Le dinamiche del mercato italiano
Abbiamo chiesto a James McDonald, Managing Director Global Markets di Madison & Wall, un commento per DailyMedia e Dailyonline: "Per quanto riguarda le dinamiche specifiche del mercato italiano, la penetrazione dell'e-commerce è ancora inferiore alla media europea. Questo favorisce la crescita del retail media, grazie all'ampliamento della base clienti e a una migliore monetizzazione da parte delle piattaforme. Amazon è il principale operatore, ma anche i retailer alimentari nazionali (Esselunga, Coop, Conad) stanno avviando o potenziando le proprie reti. Questo contribuisce a sostenere la crescita del comparto commerce.

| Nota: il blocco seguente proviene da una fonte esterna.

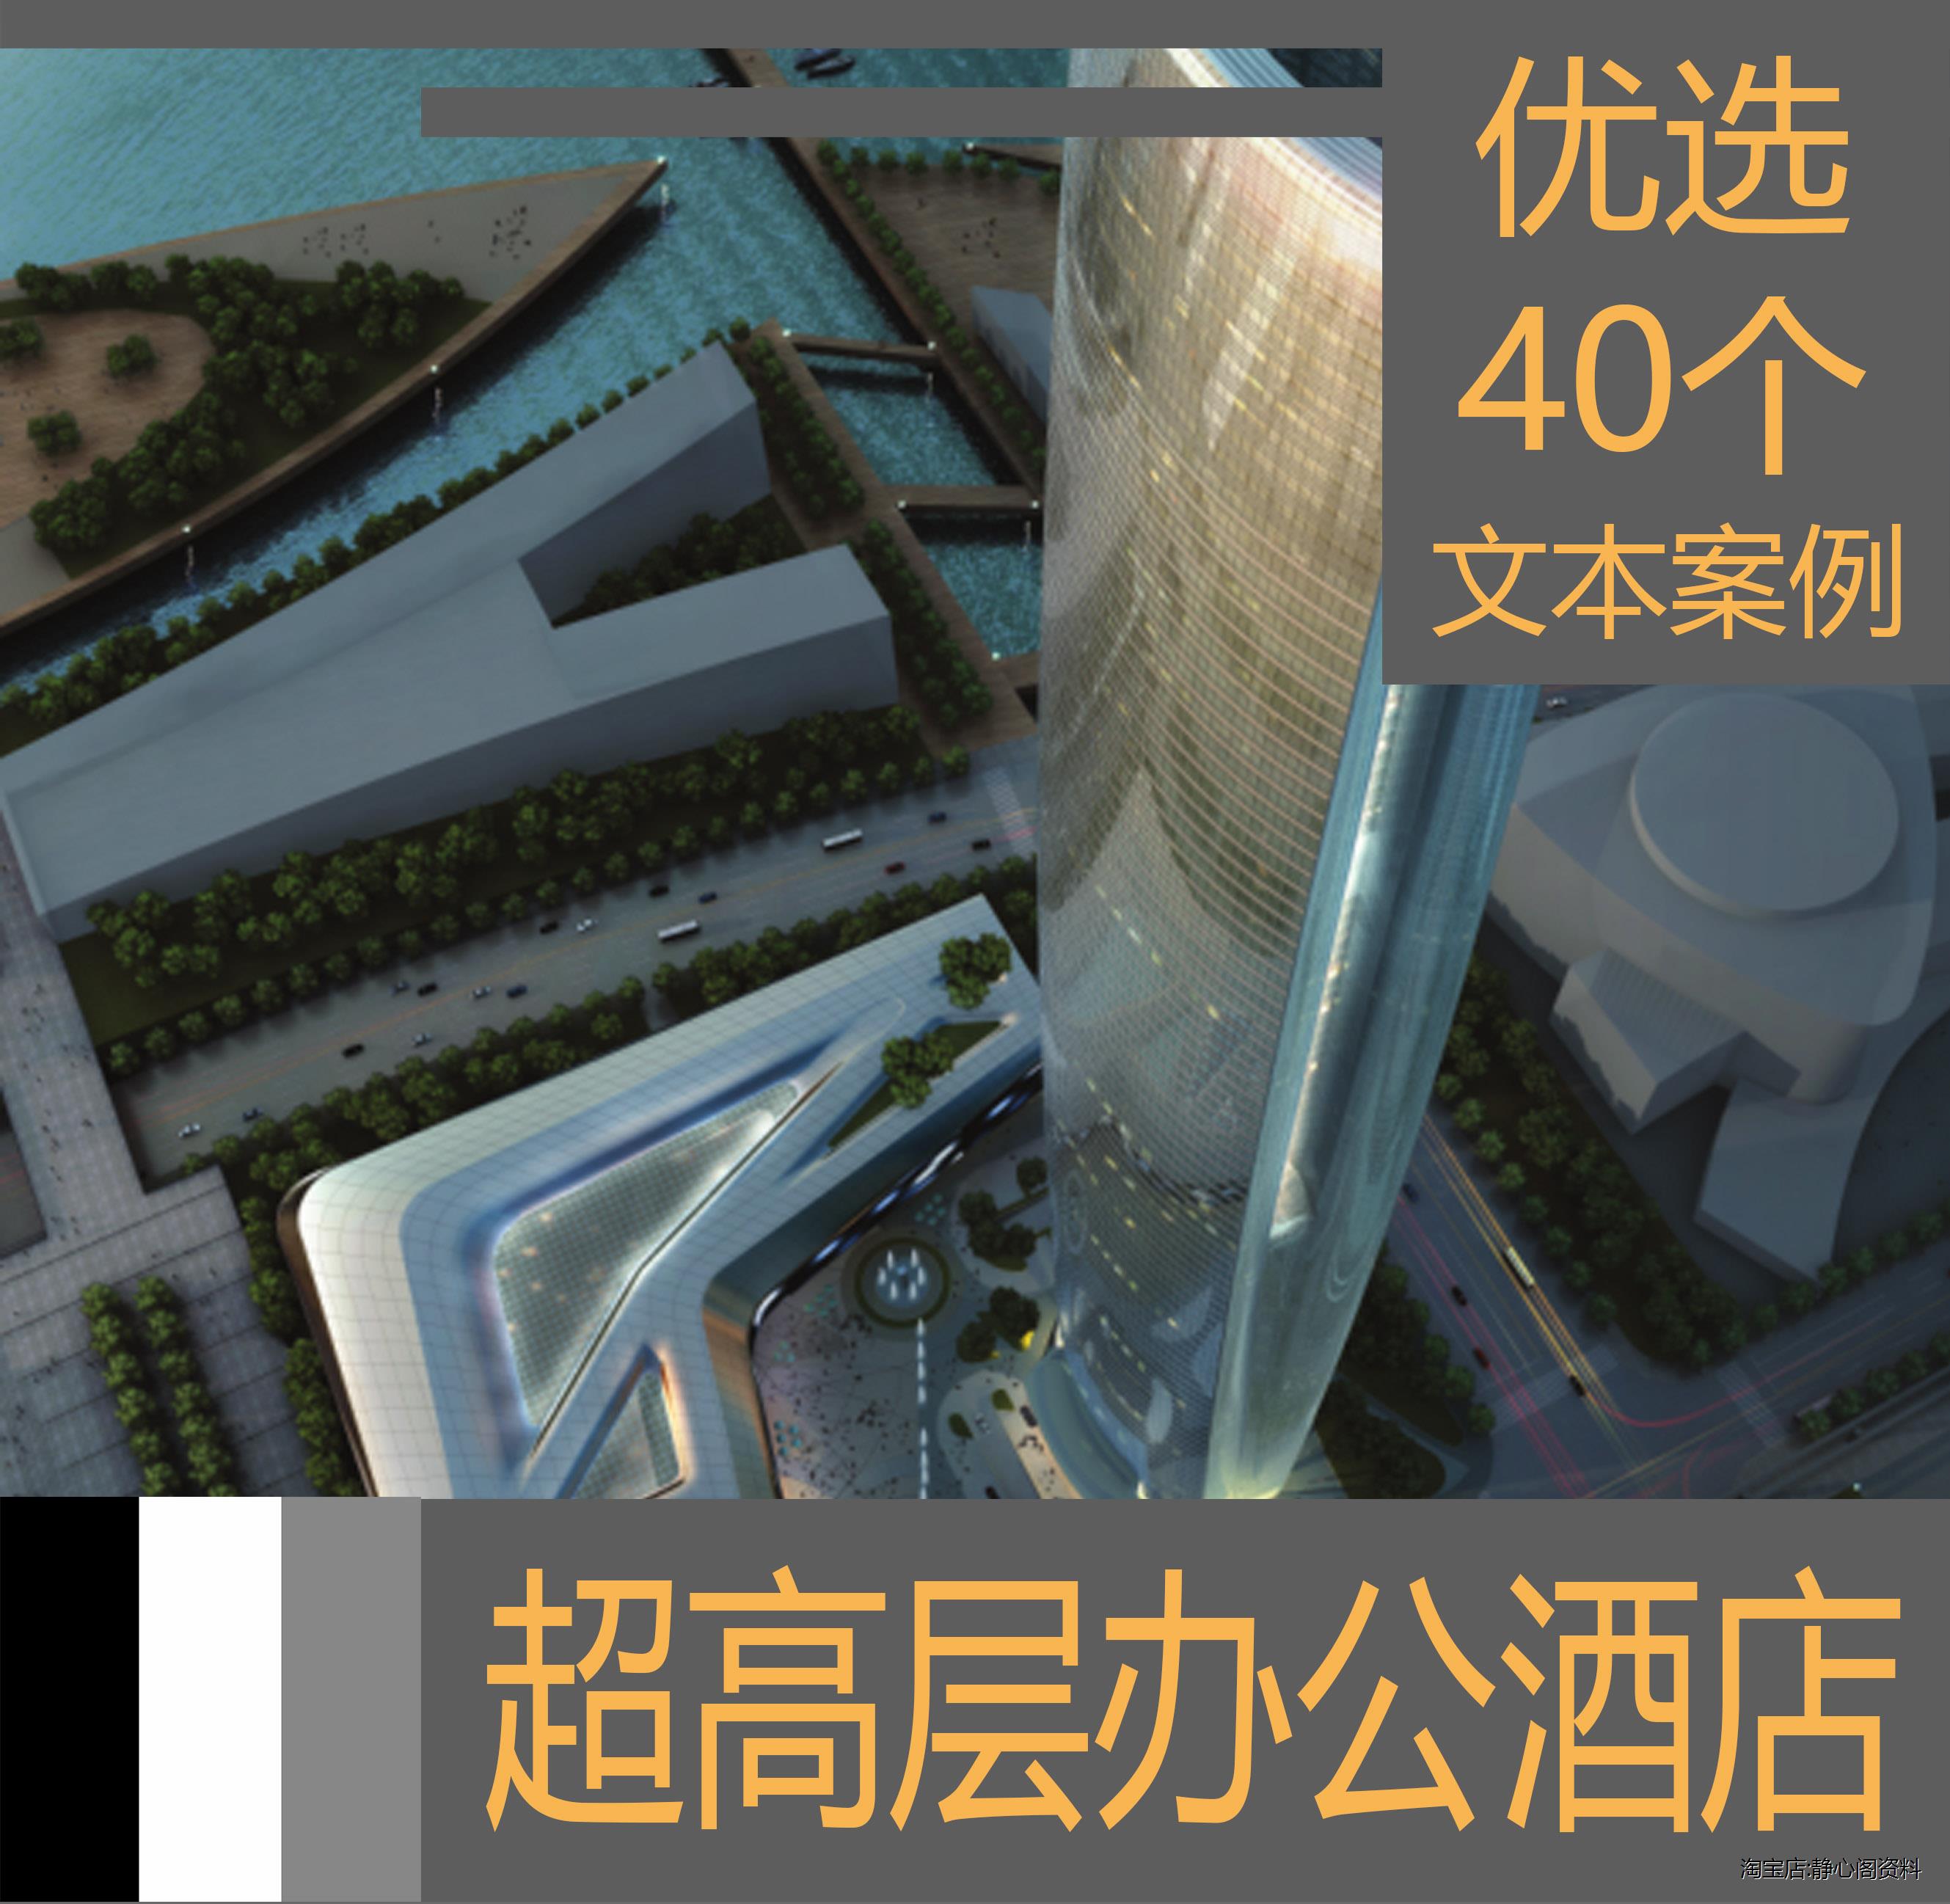 776超高层办公商务酒店建筑设计方案项目分析案例素材文本素材

Nel segmento tv, il pubblico italiano tende a essere più anziano, una fascia che gli inserzionisti spesso sottovalutano. Il calcio in diretta continua tuttavia a raggiungere un pubblico maschile più giovane, con i diritti in mano al servizio di streaming DAZN fino alla stagione 2028/29. Ogni stagione che si sposta ulteriormente verso la tv digitale sottrae una quota incrementale di audience alla tv lineare, spiegando l'andamento divergente dei due canali. Netflix e Prime con le rispettive offerte con pubblicità, DAZN, Mediaset Infinity e RaiPlay, insieme a una diffusione relativamente avanzata della tecnologia HbbTV addressable, rendono il settore della tv digitale particolarmente competitivo. I ricavi pubblicitari, tuttavia, pari a 726 milioni di euro, sono ancora ben al di sotto dei 3,5 miliardi della tv lineare. È questo uno dei motivi per cui il mercato televisivo complessivo continua a registrare una contrazione nel periodo".

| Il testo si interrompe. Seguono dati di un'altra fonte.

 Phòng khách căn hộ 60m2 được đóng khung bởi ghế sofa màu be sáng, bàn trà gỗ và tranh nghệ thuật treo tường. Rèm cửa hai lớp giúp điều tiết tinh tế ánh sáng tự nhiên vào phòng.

Dall'Italia al mercato globale
La dinamica italiana si inserisce in un quadro internazionale caratterizzato da una crescita ancora più sostenuta. Madison & Wall stima per il 2026 un aumento dell'11% dell'advertising mondiale, che raggiungerà 1.337 miliardi di dollari, rispetto ai 1.207 miliardi del 2025. Nel forecast, la crescita prevista è del 13,5% nel primo trimestre del 2026 e del 12,9% nel secondo.
A livello globale, il social sarà il canale con la maggiore crescita nel 2026, pari al 17,3%, seguito dal commerce advertising (+14,5%) e dal search (+12,4%). L'other digital aumenterà del 6,6% e l'outdoor del 5,7%, mentre la televisione crescerà dell'1,3%. L'audio resterà stabile e il publishing diminuirà del 2,1%. Tra gli elementi che contribuiscono all'espansione del mercato, Madison & Wall considera anche il ruolo dell'AI.
Nel periodo considerato, quindi, l'advertising globale passerà dai 1.337 miliardi di dollari del 2026 ai 1.665 miliardi del 2030. In Italia, nello stesso arco temporale, il mercato crescerà da 18,8 a 22,8 miliardi di euro.